Beide Mannschaften spielten vom Anpfiff weg munter drauflos. Die Gäste hatten zunächst mehr Ballbesitz, die Hausherren agierten hingegen überaus effektiv. Skrzybski nutzte nach Zuspiel des starken Holtby gleich die erste Gelegenheit zur Führung, die Korb nach Fabian Reeses Top-Vorlage per Abstauber noch kurz vor der Pause ausbaute.

Nach dem Wechsel versuchte der "Club", mit zwei frischen Kräften mehr Durchschlagskraft zu bekommen. Doch erneut waren es die Kieler, die durch Holtby zuschlugen. Dadurch war der Nürnberger Widerstand dann endgültig gebrochen. Die Schleswig-Holsteiner schafften damit wie angestrebt den versöhnlichen Heimabschluss einer schwierigen Saison.

Karlsruher SC - Dynamo Dresden 2:2 (0:1)

Der Karlsruher SC hat einen Sieg im letzten Heimspiel der Saison verpasst, die Sieglos-Serie von Dynamo Dresden aber auf nunmehr 16 Partien verlängert. Die Badener trennten sich von den Sachsen 2:2 (0:1).
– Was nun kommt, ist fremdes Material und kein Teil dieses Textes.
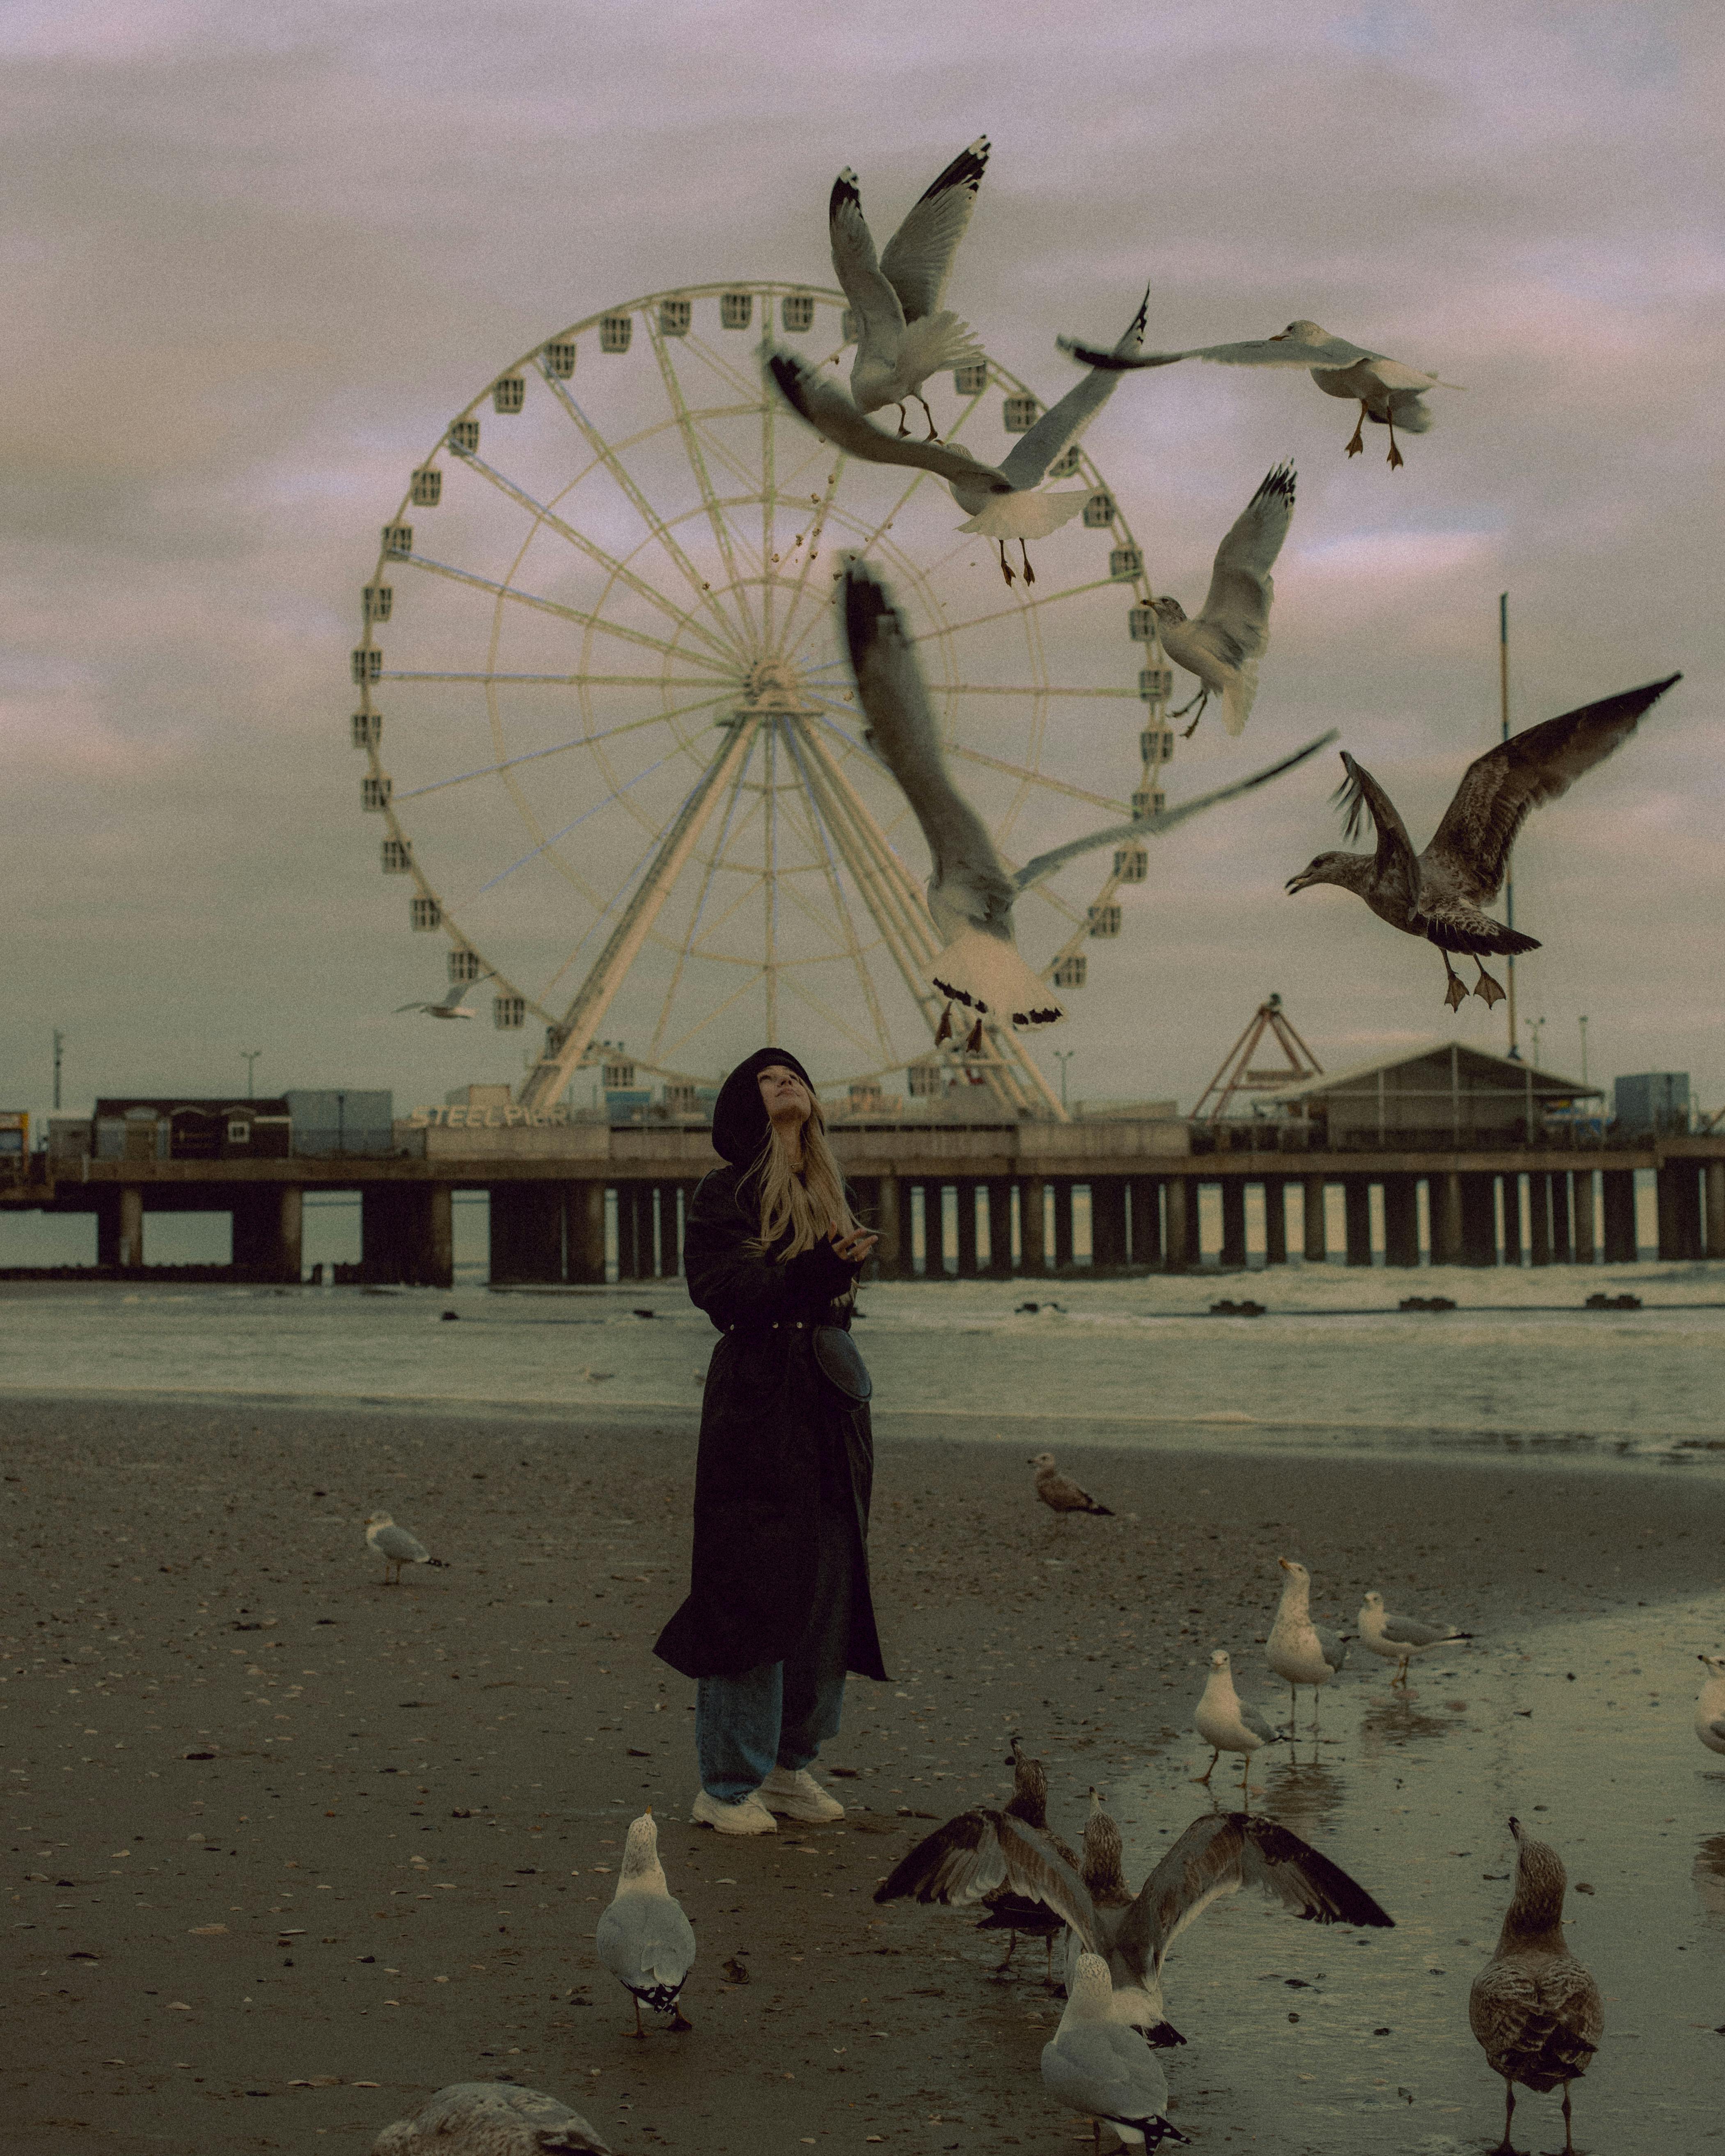 tourist feeding seagulls on the beach with a steel pier amusement park in the background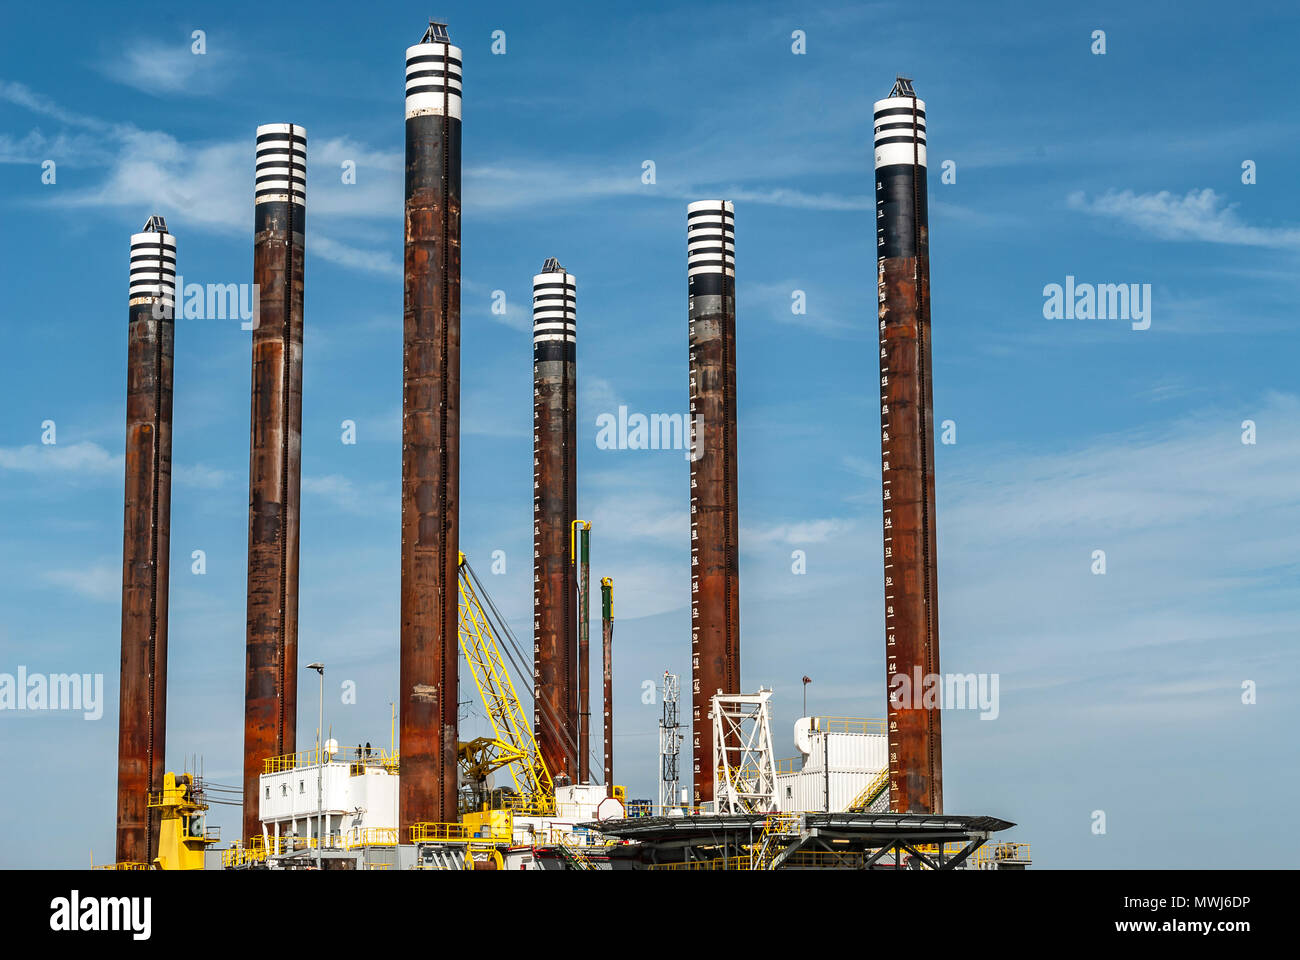 front view of an oil drilling platform Stock Photo

Patrick Weihrauch brachte die Gäste in der 26. Minute in Führung. Kapitän Jerôme Gondorf (65.) und Torjäger Philipp Hofmann (74.), der im Sommer zum Erstligisten VfL Bochum wechseln wird, drehten die Partie vor 18.649 Zuschauern zu Gunsten der Karlsruher. In der Nachspielzeit traf Dresdens Michael Akoto (90.+4) aber noch zum 2:2.

Sportlich stand im Wildpark nicht viel auf dem Spiel. Der KSC hat den Ligaverbleib längst sicher. Auch dass Dynamo in die Abstiegsrelegation muss, stand schon vorab fest. Die Gäste erwischten den besseren Start und gingen durch einen Schuss von Weihrauch ins linke obere Eck nicht unverdient in Führung. Der KSC, dessen Verteidiger Christoph Kobald sich am Sprunggelenk verletzte und nach einer halben Stunde ausgewechselt werden musste, kam erst in der Schlussphase der ersten Halbzeit zu Chancen. Diese konnten Kyoung-Rok Choi (34.) und Hofmann (41.) aber nicht nutzen.

Mitte der zweiten Hälfte drehten die Gastgeber dann auf. Gondorf traf nach einer Ecke per Direktabnahme zum Ausgleich, Stürmer Fabian Schleusener (70.) nur die Latte. Nur wenige Minuten später erzielte Hofmann nach einem Freistoß per Kopf sein 19. Saisontor. Mit der letzten Szene schlug Akoto per Distanzschuss aber noch einmal zurück.